Карисса еще пару секунд вертится в воздухе, а потом резко улетает вперед. Мне немного жаль, что эта ведьмочка впервые увидит Птичий клюв, когда он в таком отвратительном состоянии. Но в наших силах сделать из развалин нечто совершенное, лучшее.
Телега останавливается, когда до ворот остается всего ничего, может, пару-тройку минут поездки. Но пройти пешком здесь проще, чем проехать. Дорога настолько ужасная, что сюда не пробиться и такому простому транспорту, не то что авто.
— Здесь всегда было столько травы? — морщится Левис: он только что оцарапал ногу каким-то особо колючим цветком. — И Птичий клюв какой-то маленький… Мне помнится, что здание было больше.
— Обычное здание, нуждающееся в ремонте, — ворчит Рада.
— Разве что в капитальном…
Я улыбаюсь, слушая их перепалку, и осматриваюсь так, будто вижу Птичий клюв впервые.
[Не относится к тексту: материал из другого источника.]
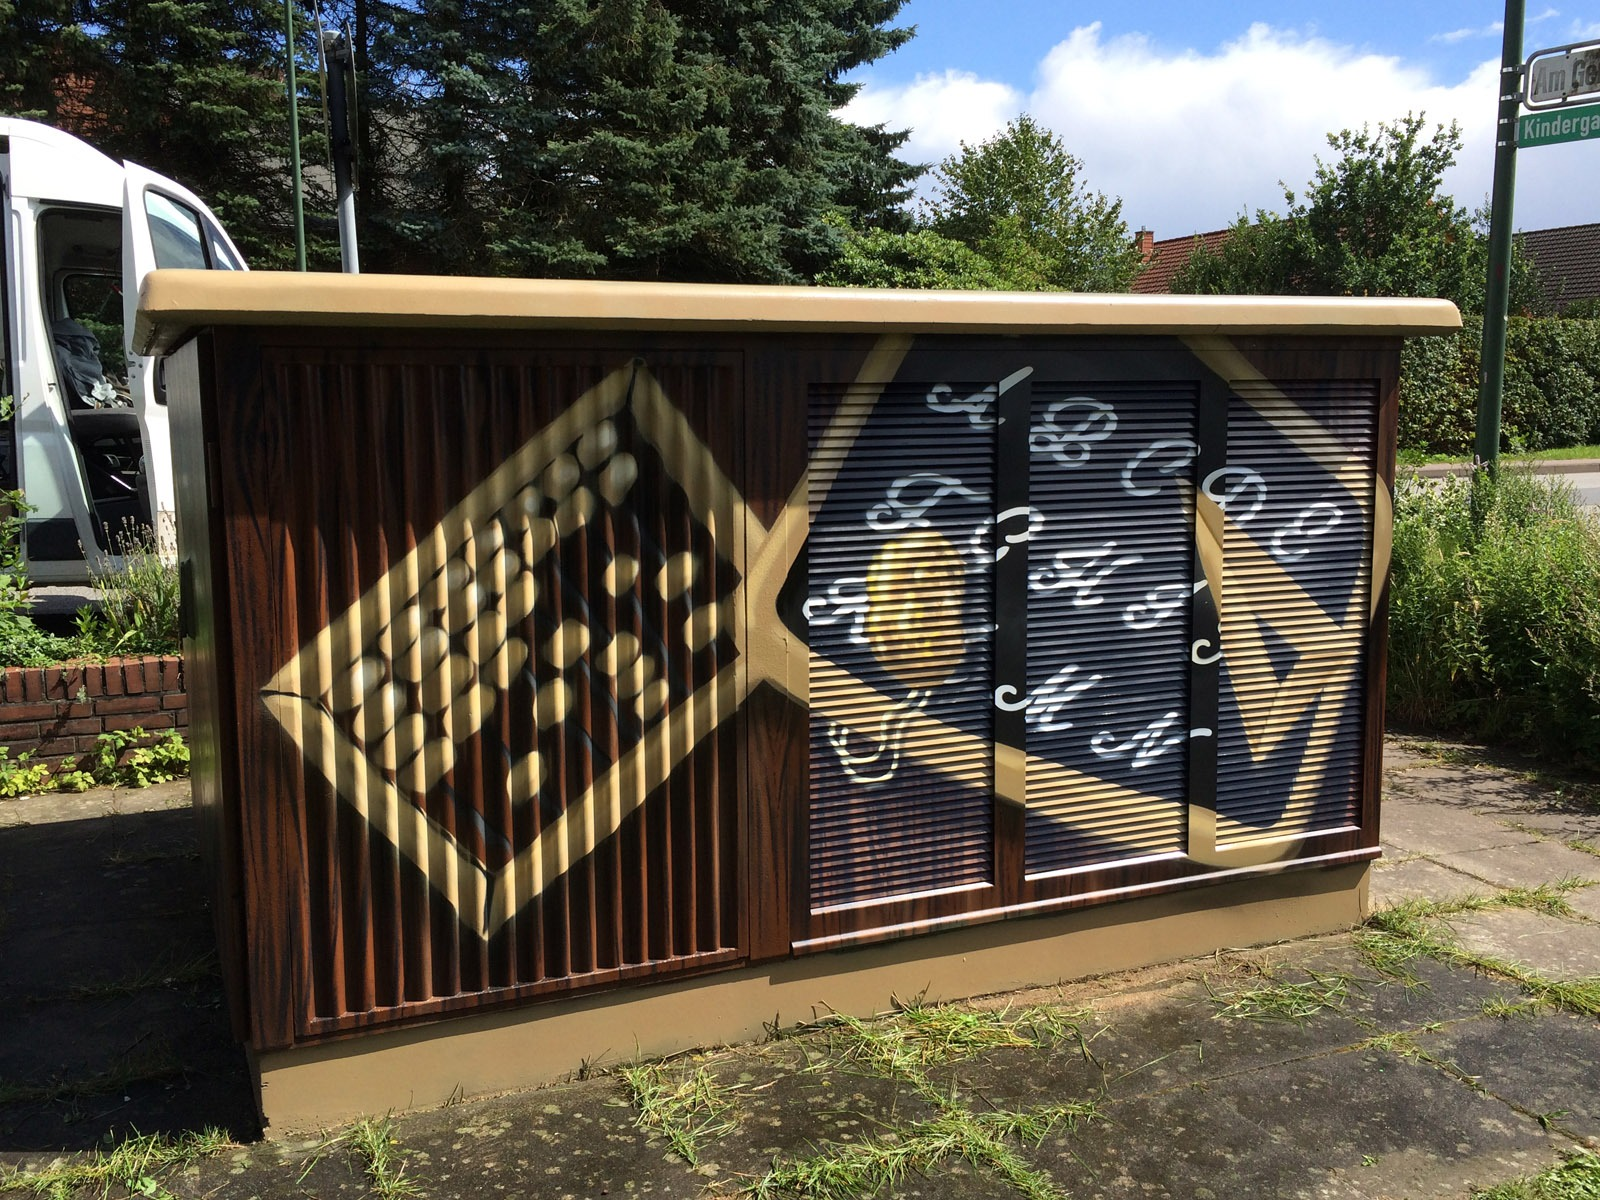 graffitiauftrag-graffitikuenstler-artmos4-hansewerk-2016-holz-schule-schrift-braun-beige-fotorealistisch-aussen-energieversorger

Теперь, когда я официально владею им, здания и территория для меня не просто выглядят заброшенными. Это не просто памятное для меня место или пристанище для ведьм, когда-то учившихся здесь. Это нечто новое, что я только собираюсь создать. Я чувствую покалывание в кончиках пальцев от желания скорее начать и, не задумываясь, принимаюсь подсчитывать, во сколько нам обойдется ремонт и что нужно сделать в первую очередь. До начала учебного года еще немало времени. Успею ли я привести все в относительный порядок? А ведь, кроме ремонта и благоустройства, нужно найти преподавателей, библиотекаря и другой персонал, организовать поставку припасов, создать хотя бы прототип учебной программы, разослать по всем городам Флейма сообщение для юных ведьм о возможности поступления в Школу.
— Да уж, здесь немало работы, — оценивающе присвистывает Левис, заглядывая во внутренний двор сквозь решетку забора.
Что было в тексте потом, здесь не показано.